Referring to Figures 16-17, drive roller 1108 is coupled to stepper motor 14 at end hub 2602. In one embodiment, a motor shaft portion is inserted into end hub 2602 of drive roller 1108. For example, a d-shaped motor shaft may be inserted into a correspondingly-shaped slot at end hub 2602. Drive roller 1108 is provided with a flexible coupling 2604 at end hub 2602. Flexible coupling 2604 for interconnecting drive roller 1108 to stepper motor 14 accommodates shaft misalignments and permits limited deflection in non-axial directions. Flexible coupling 2604, in this illustrated embodiment, is helical beam coupler. The beam coupler 2604 includes one or more sets of flexible elements, in effect curved beams. Stresses induced in the couple are spread evenly between the beams. Other benefits include single piece construction with no moving parts or elastomeric elements to wear, and backlash free operation with low wind-up. Helical beam coupling 2604 reduces motor vibration for increased paper feed stability and reduces sound generation. Beam coupling 2604, in the illustrated embodiment, is integrated with the balance of drive roller 1108. In other embodiments, a beam coupling may be a separate component.

Referring to Figure 16, both pinch roller 1115 and drive roller 1108 may be assembled using an overmolding technique whereby a relatively rigid roller frame is molded onto a shaft and flexible roller rubber portions are then overmolded onto the roller frame to define roller surfaces. An example method of manufacturing includes inserting shaft 2812 of feed roller 1108 into a die form and molding roller frame 2810 around shaft 2812. The shaft 2812 and frame 2810 are then inserted into another die form where roller rubber portions 2808 are molded into contact with roller frame 2810. In one embodiment, frame 2810 is injection molded acetal and rubber portions 2808 are injection molded EPDM. A similar method may be used to manufacture pinch roller 1115 of Figures 33-34. In this manner, rollers 1115 and 1108 are more easily assembled as compared to prior art roller assemblies having multiple separate roller rubber portions and frame portions needing to be aligned along a roller shaft during assembly.

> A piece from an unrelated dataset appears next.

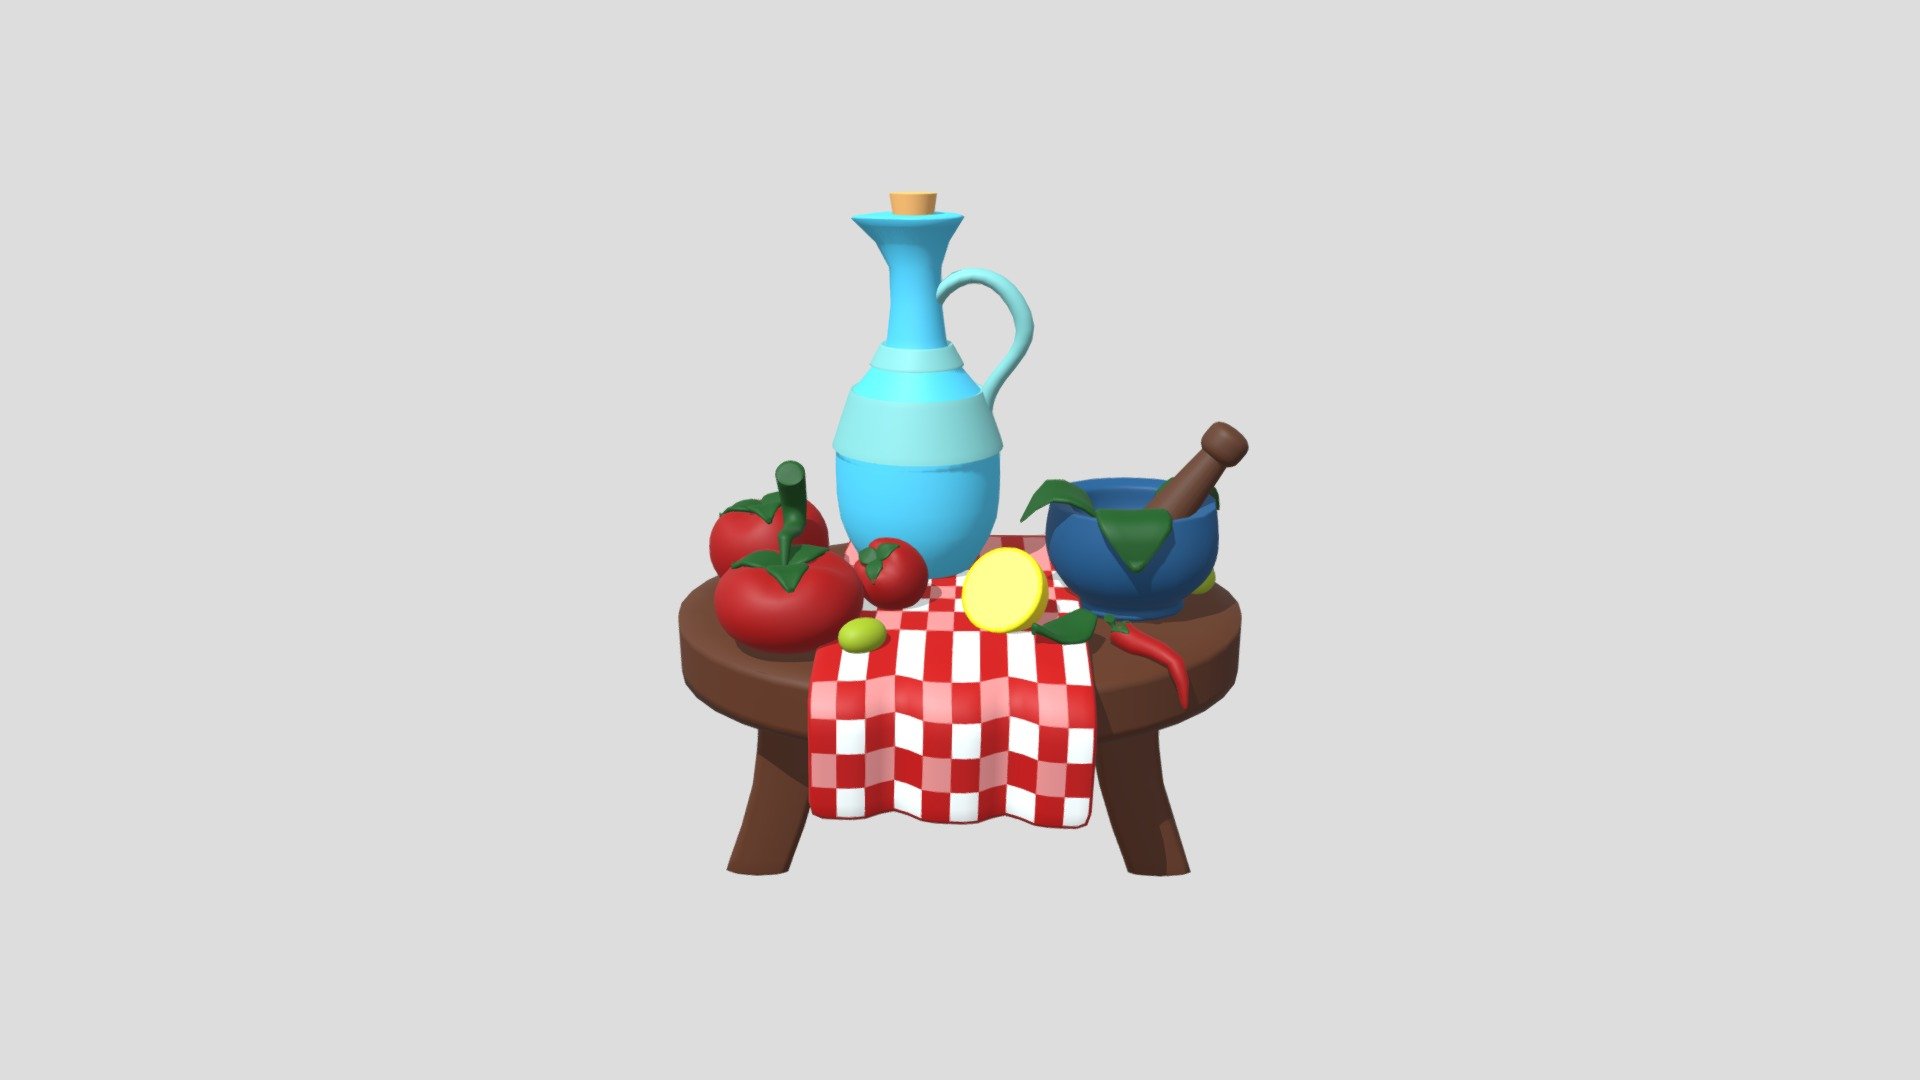 it is my model for our group game project.i think it is the best model that i have ever made.Model was inspired by another work - food and etc 3d model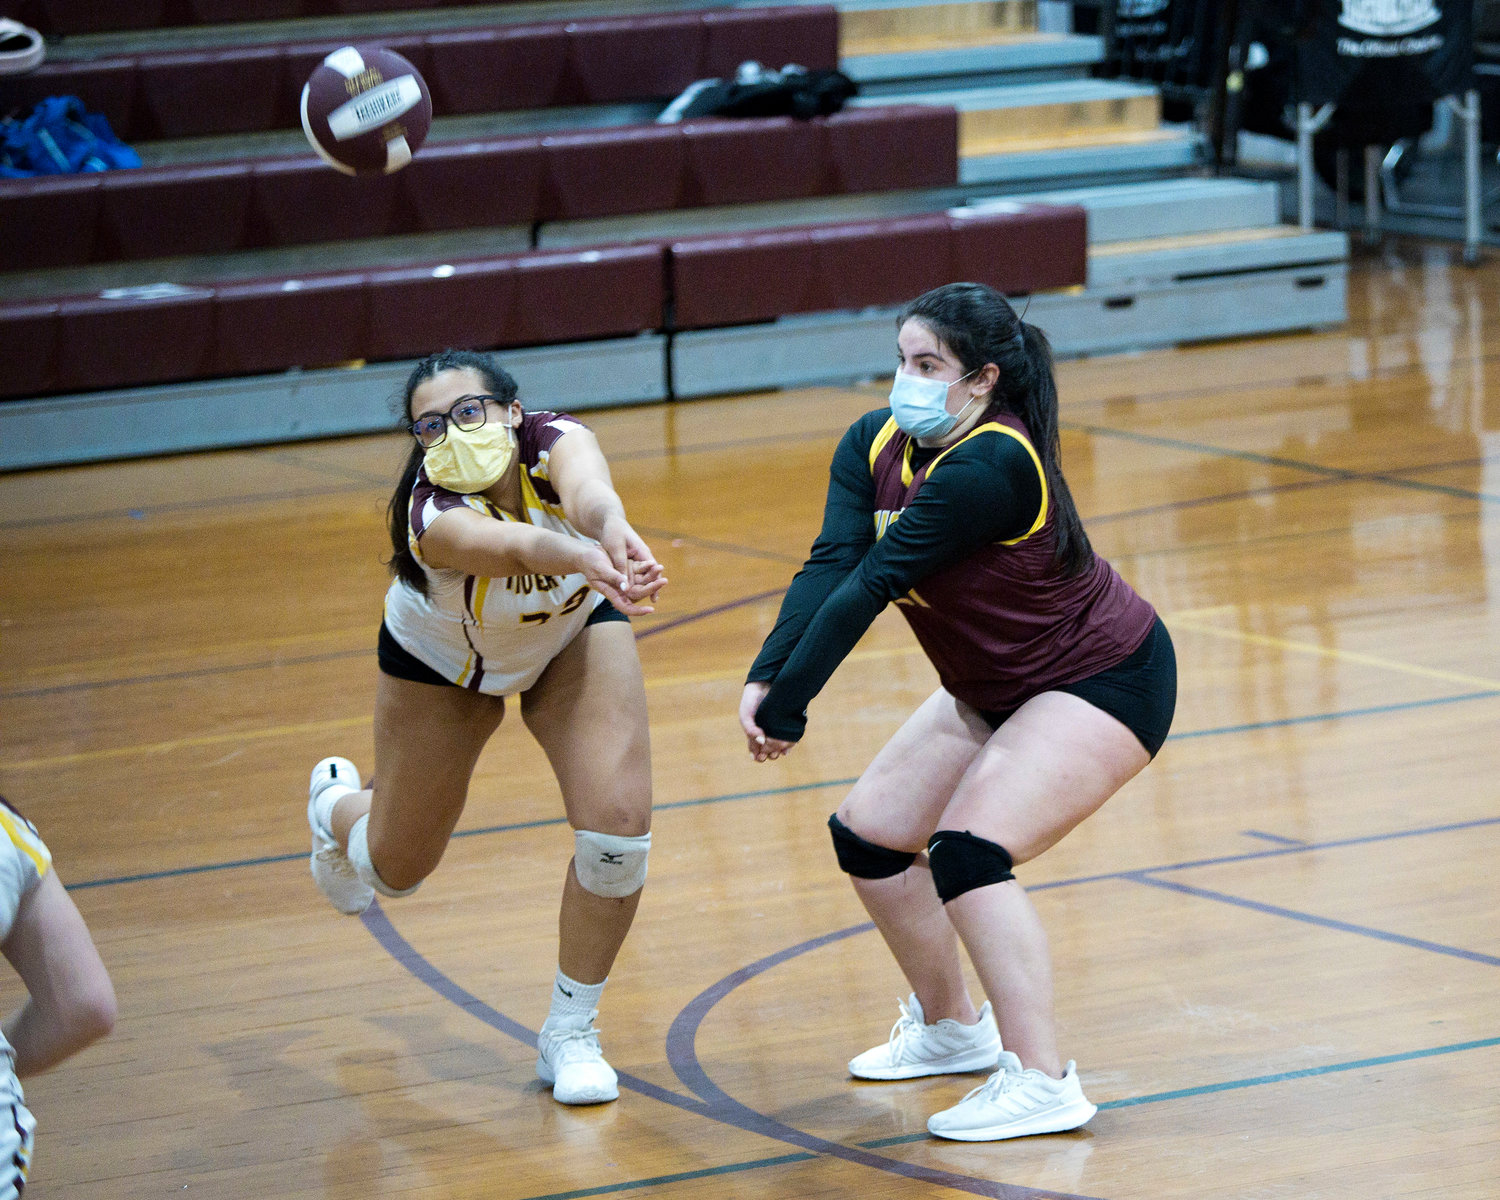 Olivia Miranda (left) and Olivia DeMacedo go for the ball during Friday night's game against Times Two Academy.

Benefits of such overmolded rollers include improve paper feed quality and a reduction in component assembly cost.

While the disclosure has been described with reference to an exemplary embodiment, it will be understood by those skilled in the art that various changes may be made and equivalents may be substituted for elements thereof without departing from the scope of the disclosure. In addition, many modifications may be made to adapt a particular situation or material to the teachings of the disclosure without departing from the essential scope thereof. Therefore, it is intended that the disclosure not be limited to the particular embodiment disclosed as the best mode contemplated for carrying out this disclosure, but that the disclosure will include all embodiments falling within the scope of the appended claims.